Integration with Databricks
Data from Databricks Lakehouse can be harmonized with SAP and non-sap data via SAP Datasphere's unified data models for use with richer analytics and other use cases.
Architecture
1. Integration with Databricks Delta Lake
Mode(s) of Integration: Federating data live into SAP Datasphere.
Delta Lake is an optimized storage layer that provides the foundation for tables in a lakehouse architecture on Databricks. It brings reliability to data lakes, ensuring ACID (Atomicity, Consistency, Isolation, Durability) transactions, scalable metadata handling, and unifying streaming and batch data processing.
Data from Databricks Delta Lake tables can be federated live into SAP Datasphere virtual remote models using SAP Datasphere's data federation architecture. This integration allows for the seamless augmentation of Databricks data with SAP business data in real-time. The federated data can be incorporated into unified semantic models, enabling efficient and real-time analytics through SAP Analytics Cloud dashboards.

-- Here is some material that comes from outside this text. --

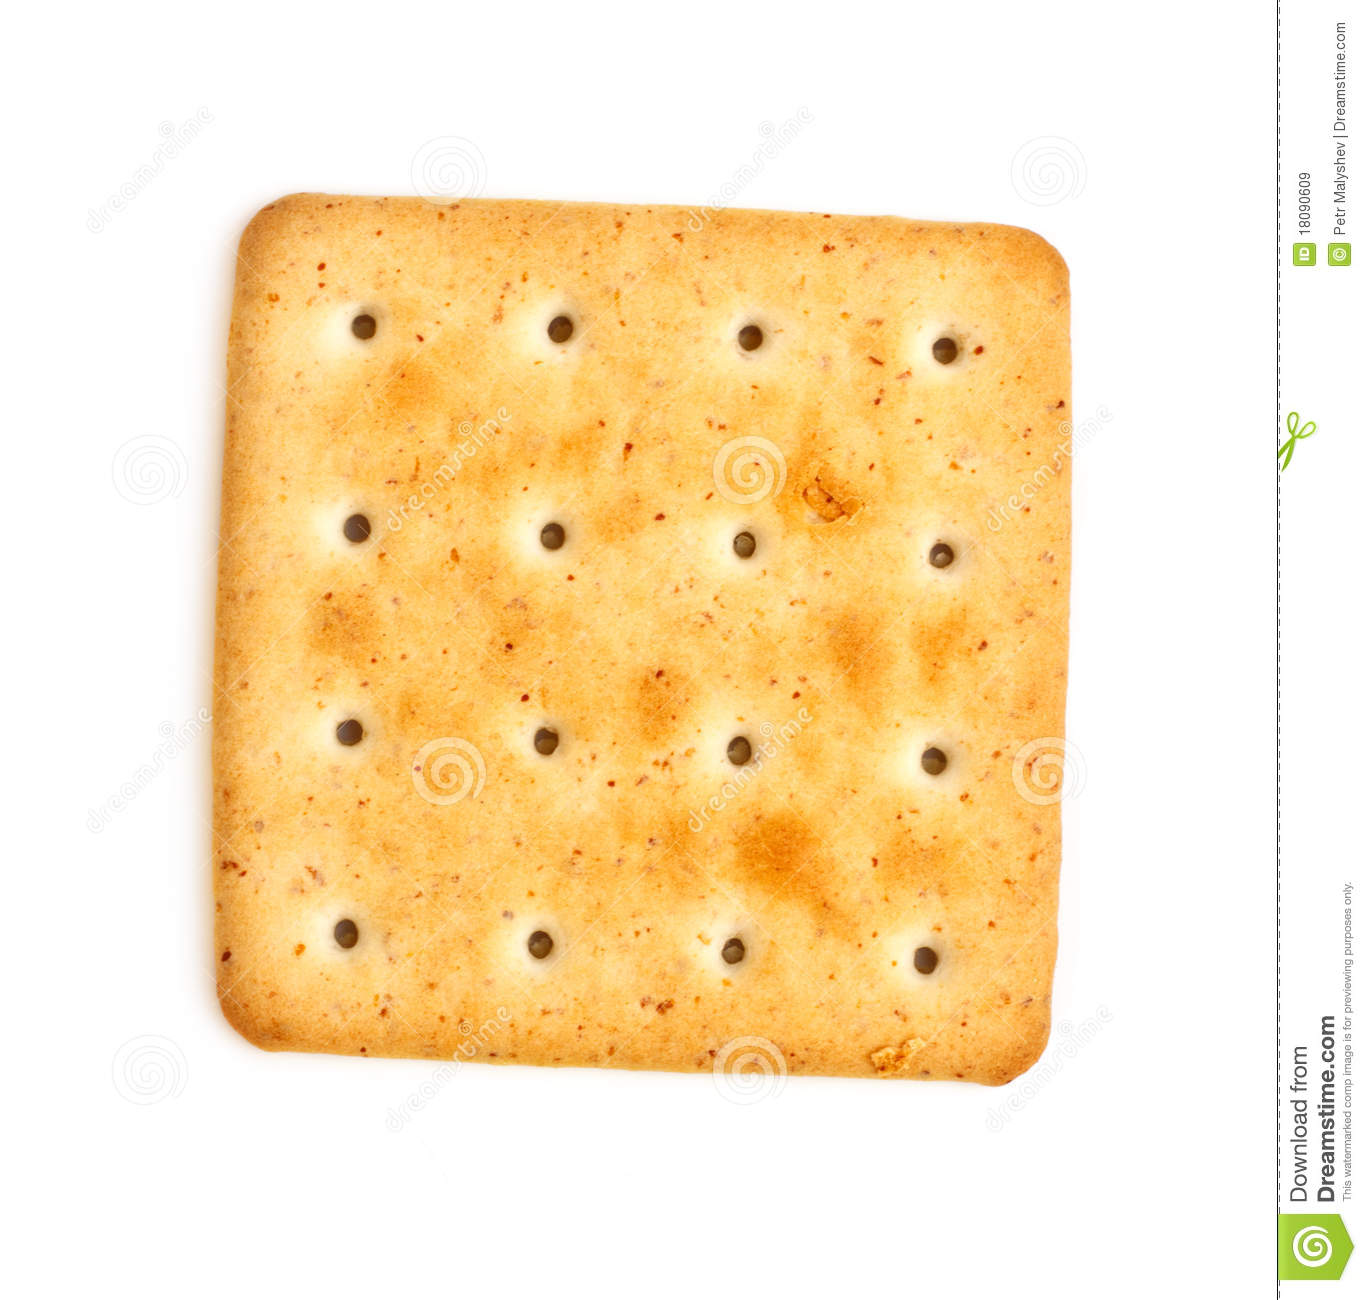 Salty Cracker Royalty Free Stock Images   Image  18090609

The integration process involves:
- Connection Setup: Establishing a secure connection between SAP Datasphere and Databricks Delta Lake using supported connectors and authentication mechanisms.
- Data Federation: Configuring virtual tables in SAP Datasphere that reference the live data in Databricks Delta Lake without physically moving the data.
- Model Augmentation: Enhancing the federated data with SAP business data to create comprehensive and unified semantic models.
- Real-time Analytics: Utilizing SAP Analytics Cloud to build dashboards and reports that leverage the real-time, federated data for actionable insights.
This approach ensures that data remains consistent and up-to-date, providing a robust foundation for advanced analytics and decision-making processes.